Сенека приветствует Луцилия!

(1) Я понимаю, Луцилий, что не только меняюсь к лучшему, но и становлюсь другим человеком. Я не хочу сказать, будто во мне уже нечего переделывать, да и не надеюсь на это. Как может больше не быть такого, что надо было бы исправить, поубавить или приподнять? Ведь если душа видит свои недостатки, которых прежде не знала, это свидетельствует, что она обратилась к лучшему.
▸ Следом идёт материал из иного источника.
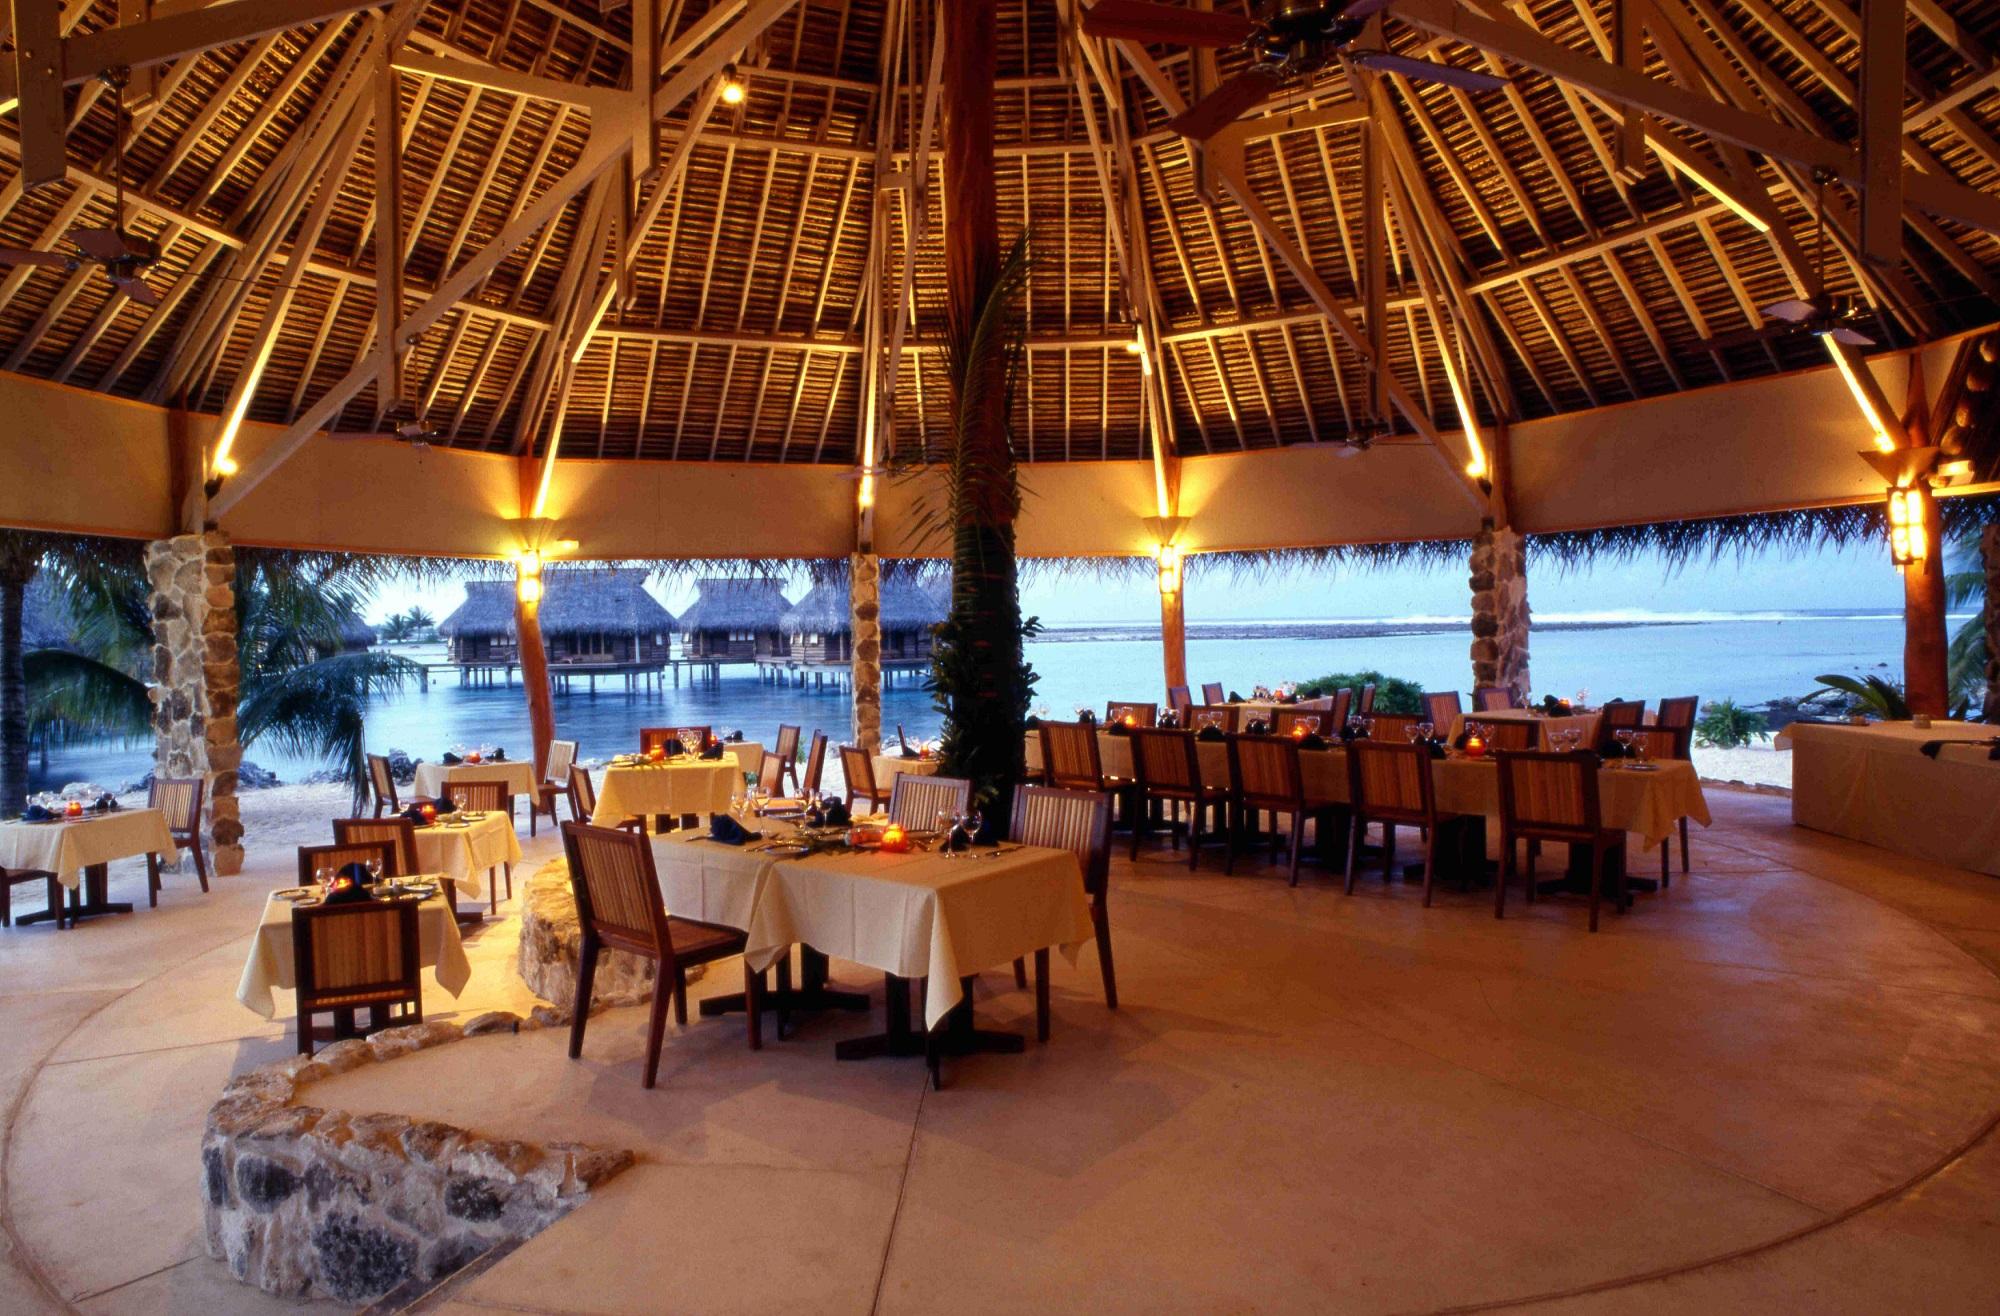 https://tahititourisme.com.au/wp-content/uploads/2021/10/Tikehau-Pearl-Beach-Resort-Restaurant-Pohero-Copie.jpg

Некоторых больных надо поздравлять и с тем, что они почувствовали себя больными.

(2) Я хочу, чтобы эта так быстро совершающаяся во мне перемена передалась и тебе: тогда я бы еще крепче поверил в нашу дружбу — истинную дружбу, которой не расколют ни надежда, ни страх, ни корысть, такую, которую хранят до смерти, ради которой идут на смерть. (3) Я назову тебе многих, кто лишен не друзей, но самой дружбы. Такого не может быть с теми, чьи души объединяет общая воля и жажда честного. Как же иначе? Ведь они знают, что тогда у них все общее, особенно невзгоды. Ты и представить себе не можешь, насколько каждый день, как я замечаю, движет меня вперед. — (4) «Но если ты что нашел и узнал его пользу по опыту, поделись со мною!» — скажешь ты. — Да ведь я и сам хочу все перелить в тебя и, что-нибудь выучив, радуюсь лишь потому, что смогу учить. И никакое знание, пусть самое возвышенное и благотворное, но лишь для меня одного, не даст мне удовольствия. Если бы мне подарили мудрость, но с одним условием: чтобы я держал ее при себе и не делился ею, — я бы от нее отказался. Любое благо нам не на радость, если мы обладаем им в одиночку.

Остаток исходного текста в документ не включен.